O que é a UDI
A Identificação Única de Dispositivos Médicos (UDI) é um sistema global que atribui a cada dispositivo um código único, legível por humanos e por máquina. O objetivo: rastreabilidade ponta a ponta, do fabricante ao paciente.
Países como Estados Unidos (FDA) e União Europeia (MDR) já implementaram seus sistemas UDI. O Brasil aderiu ao modelo via RDC 591/2021 — agora atualizada pela RDC 884/2024.
O que muda com a RDC 884/2024
- Cronograma de implementação faseado por classe de risco (III, IV → primeiro; II → segundo; I → último).
- Banco de dados nacional (BD-UDI) hospedado pela ANVISA, integrado a sistemas globais.
- Formato do código — DI (Device Identifier) + PI (Production Identifier).
- Tecnologia de codificação — códigos lineares, DataMatrix ou RFID, conforme caso.
- Rótulo + embalagem + UDI legível por máquina.
Próximas etapas
A implementação segue um cronograma por classe de risco:
- Classe III e IV (dispositivos implantáveis, alto risco) — fase inicial, prazos mais curtos.
- Classe II (médio risco) — fase intermediária.
- Classe I (baixo risco) — última fase.
Cada empresa precisa verificar a classe dos seus dispositivos e o prazo correspondente.
Importadores que representam fabricantes estrangeiros precisam coordenar com o titular do registro lá fora — o código UDI emitido no exterior precisa ser comunicado ao BD-UDI nacional.
O que sua empresa precisa fazer
- Inventário dos dispositivos — listar todos os registros vigentes e suas classes.
- Identificar emissor de DI — GS1, HIBCC ou ICCBBA (depende do produto).

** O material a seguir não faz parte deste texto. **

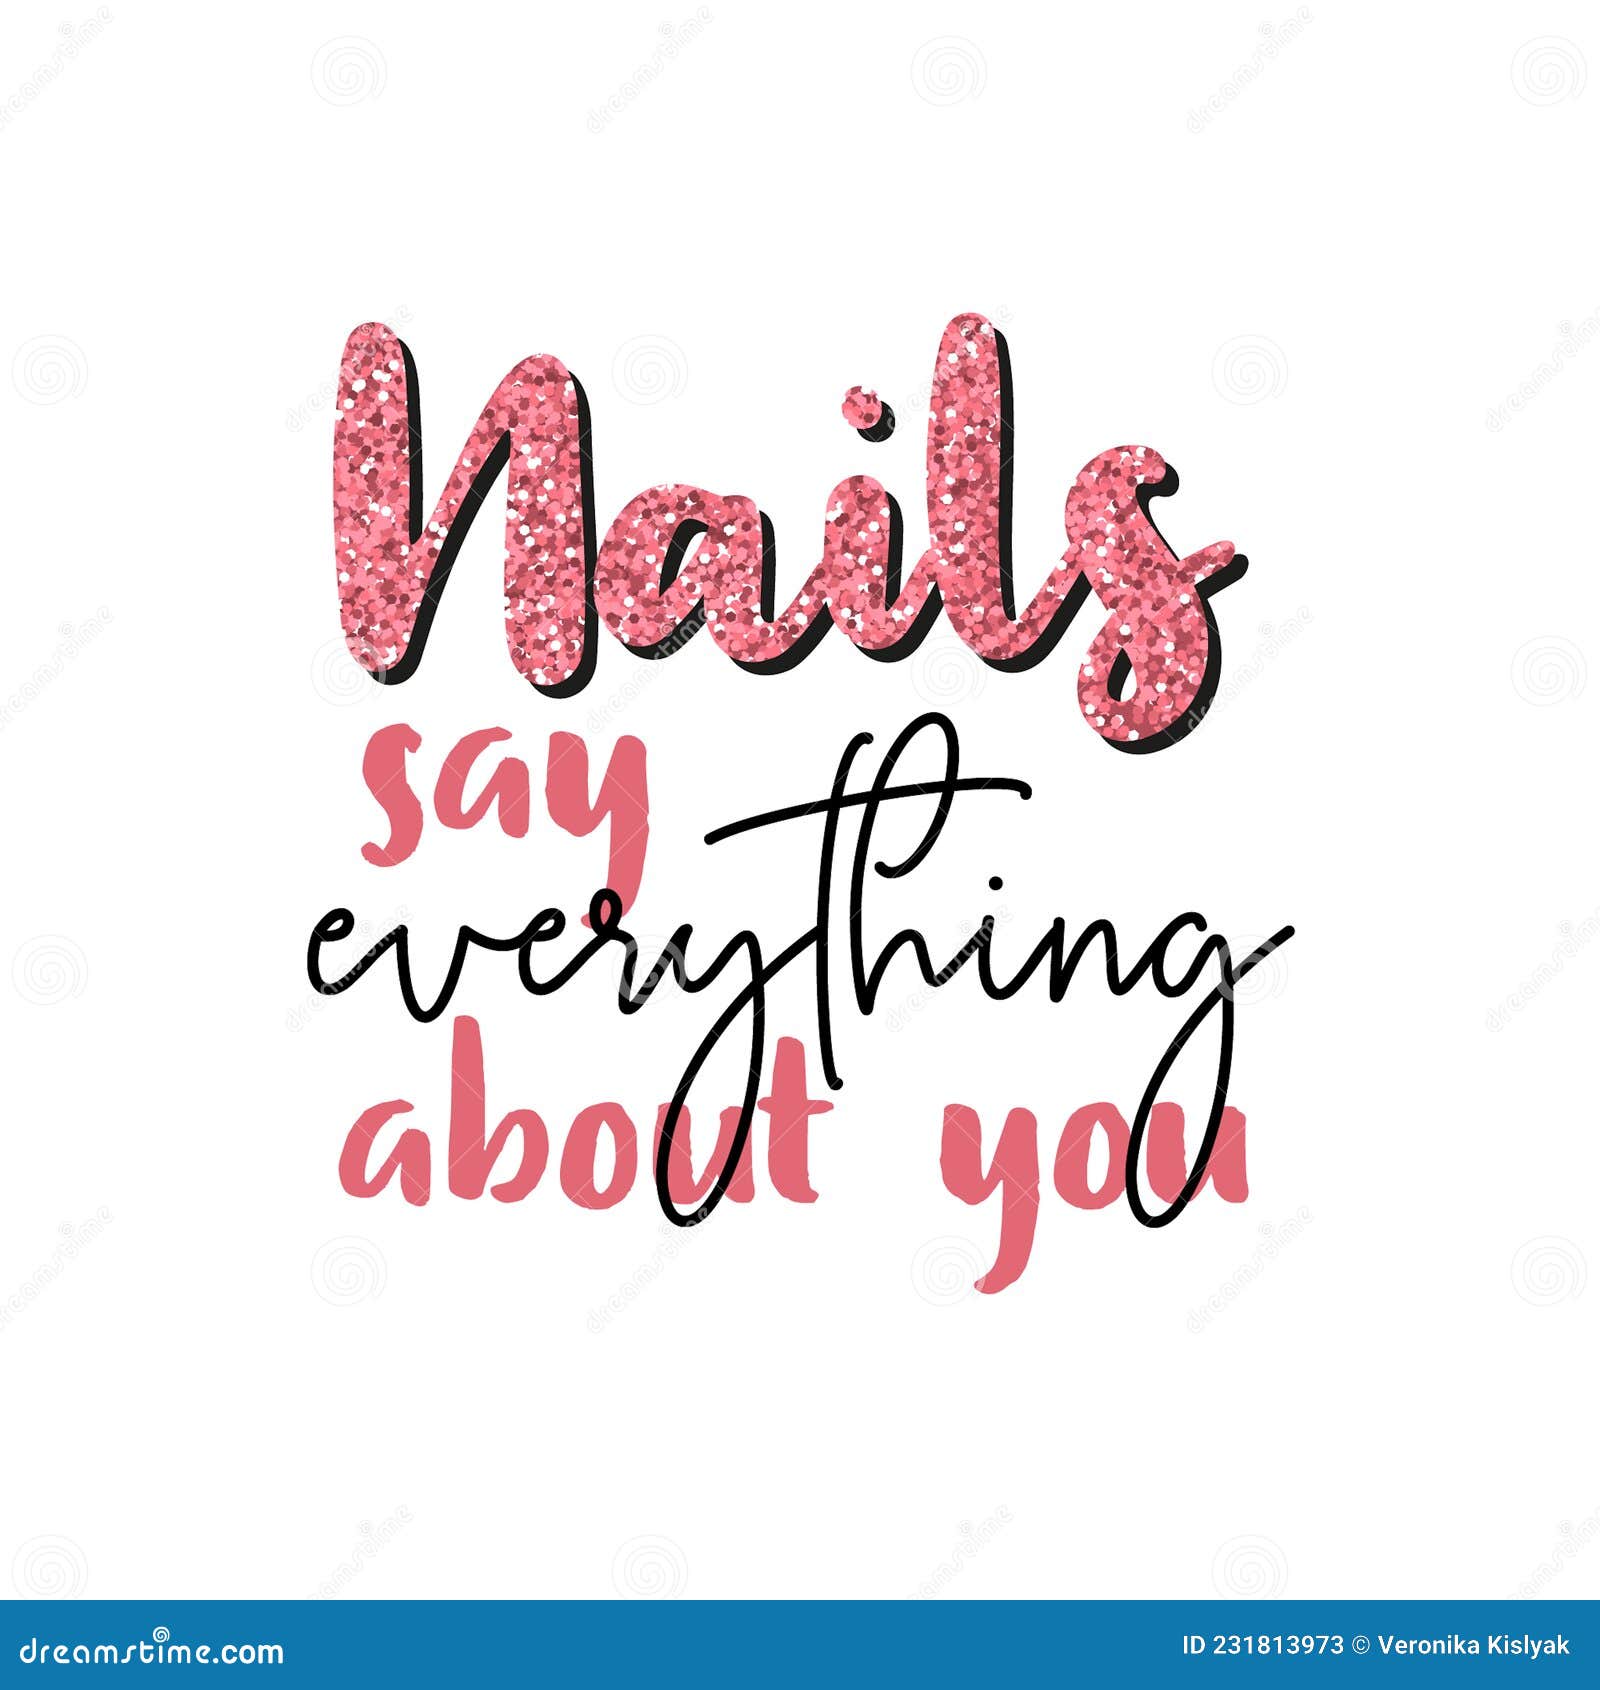 1,880 Nail Quotes Images, Stock Photos, 3D objects, & Vectors | Shutterstock
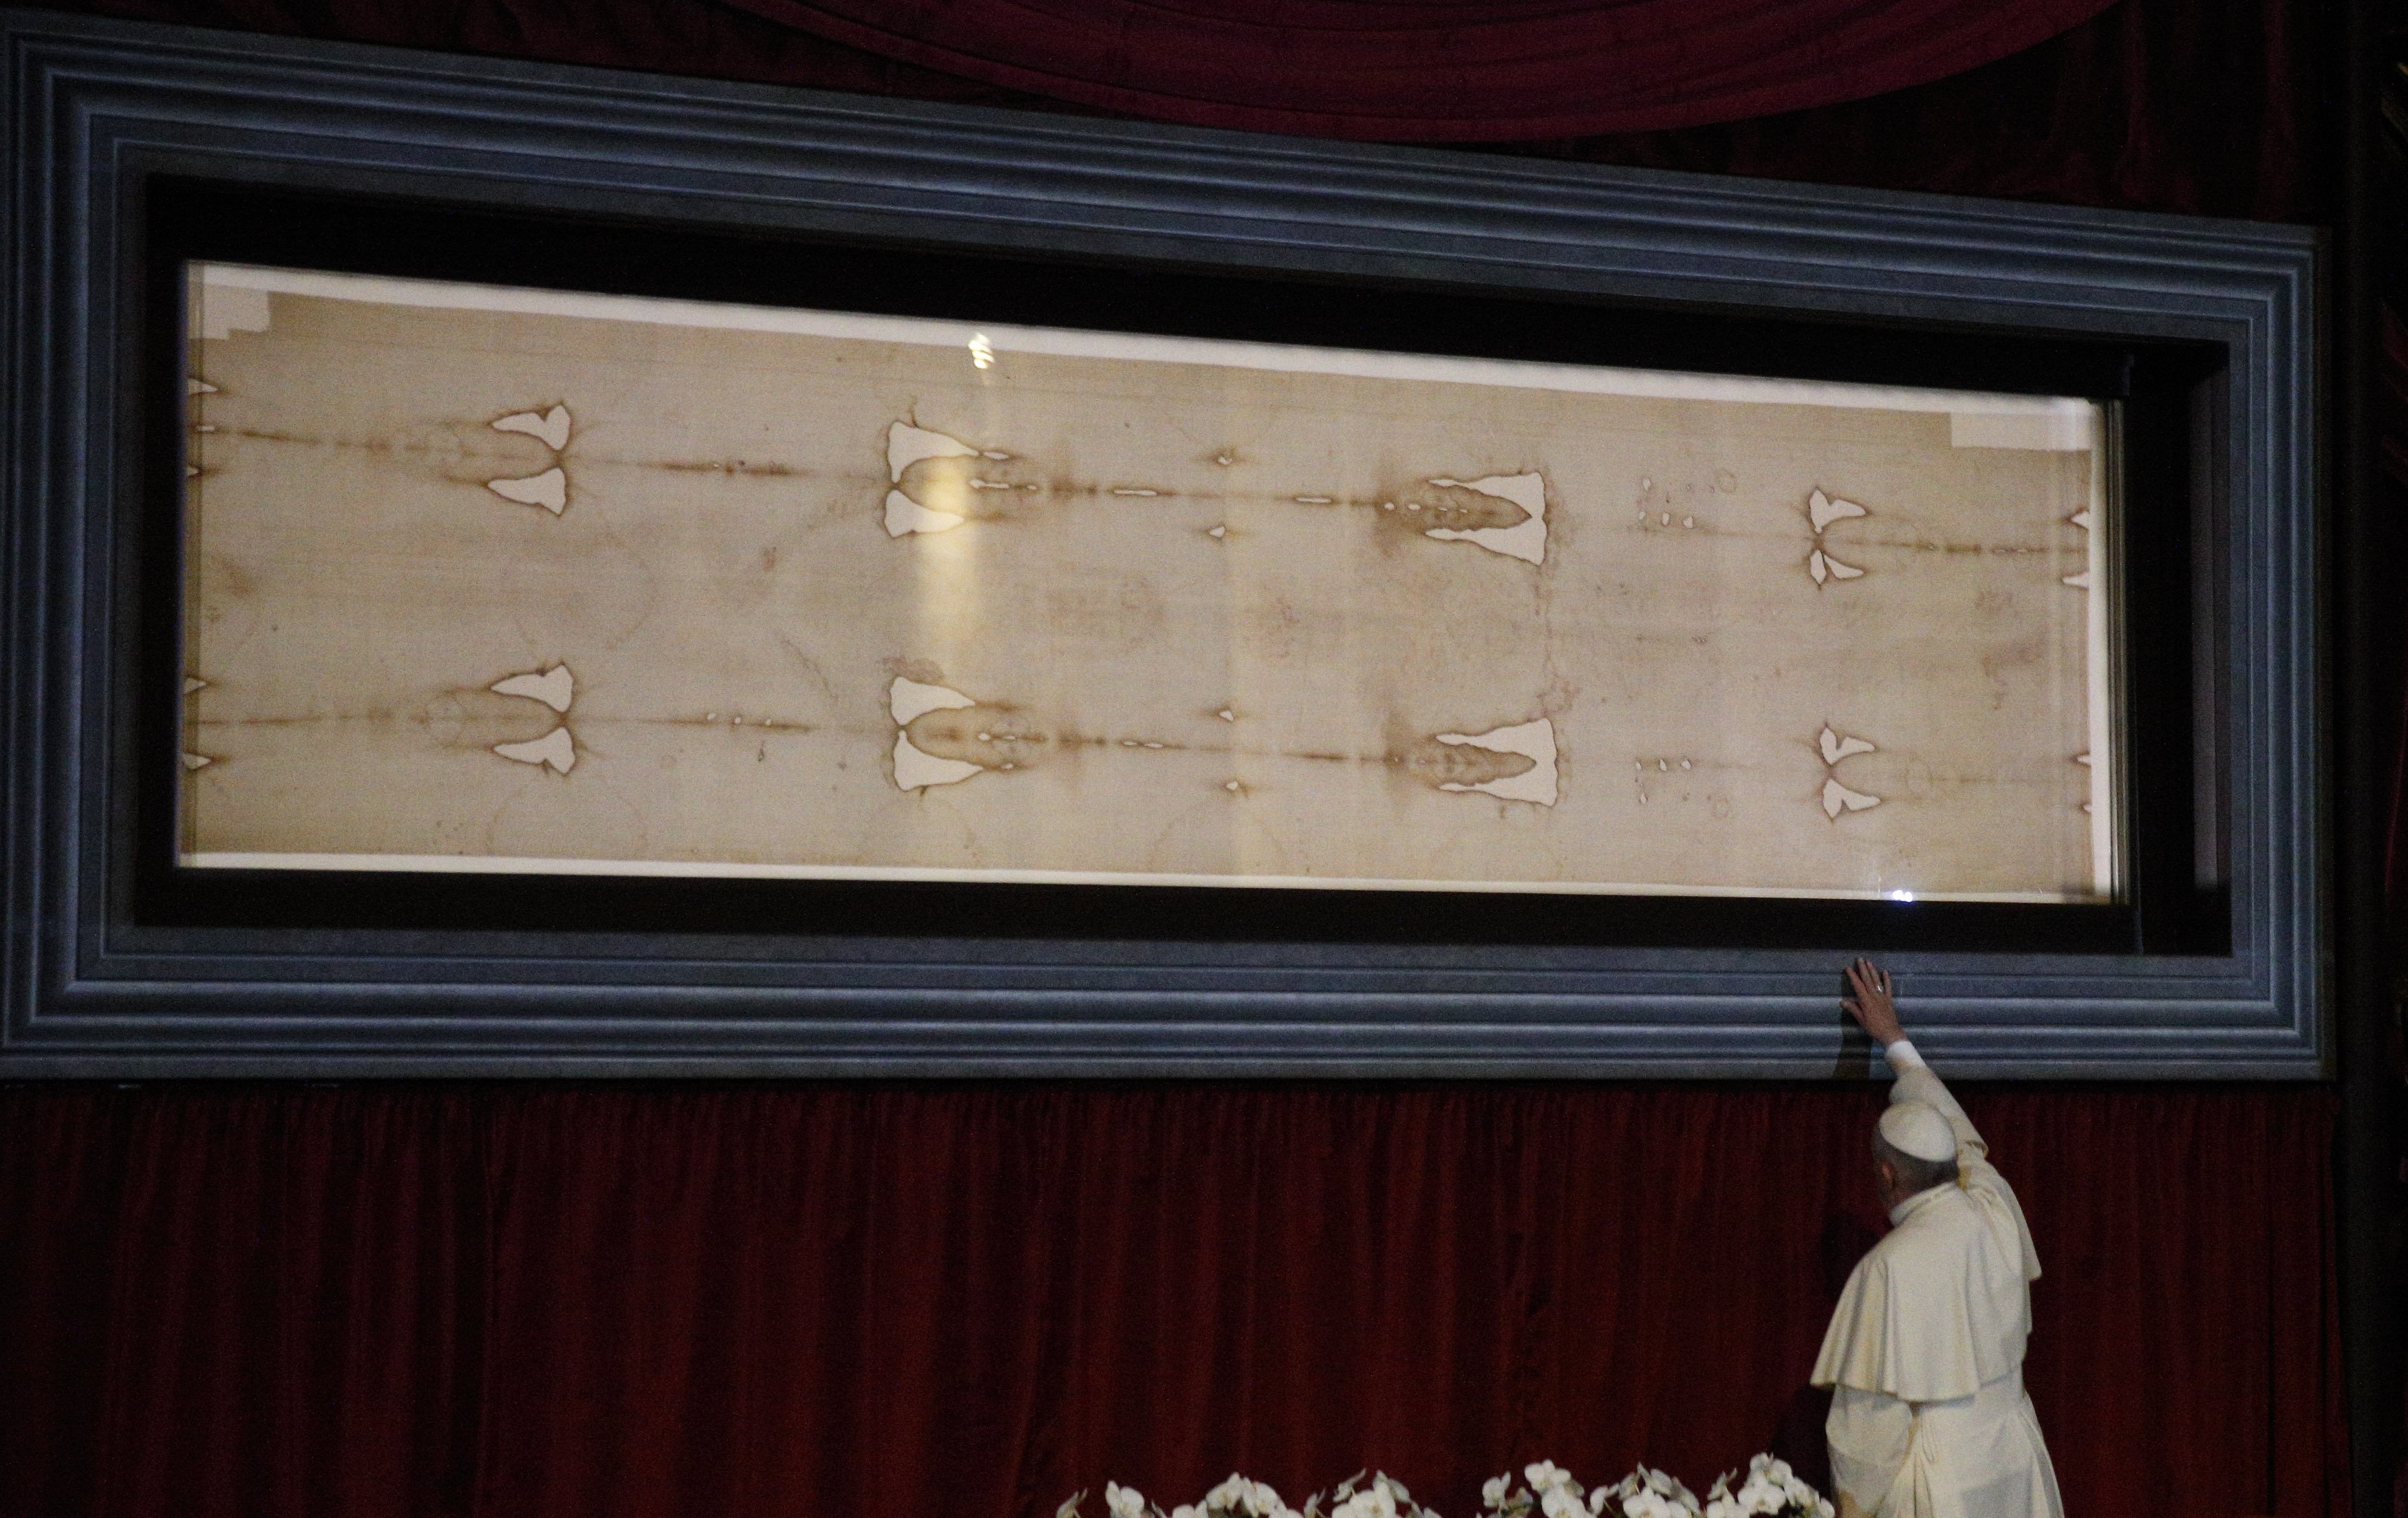 Pope Francis touches the case holding the Shroud of Turin after praying before the cloth in 2015 at the Cathedral of St. John the Baptist in Turin, Italy. (CNS photo/Paul Haring)

- Adequar rotulagem — incluir UDI em embalagem primária, secundária e, quando aplicável, no próprio dispositivo.
- Cadastrar no BD-UDI — submissão de informações conforme orientação ANVISA.
- Integrar com sistemas internos — ERP, gestão de qualidade e rastreabilidade.
A não conformidade com UDI nos prazos definidos sujeita a empresa a sanção sanitária, com possibilidade de suspensão da comercialização do dispositivo até regularização.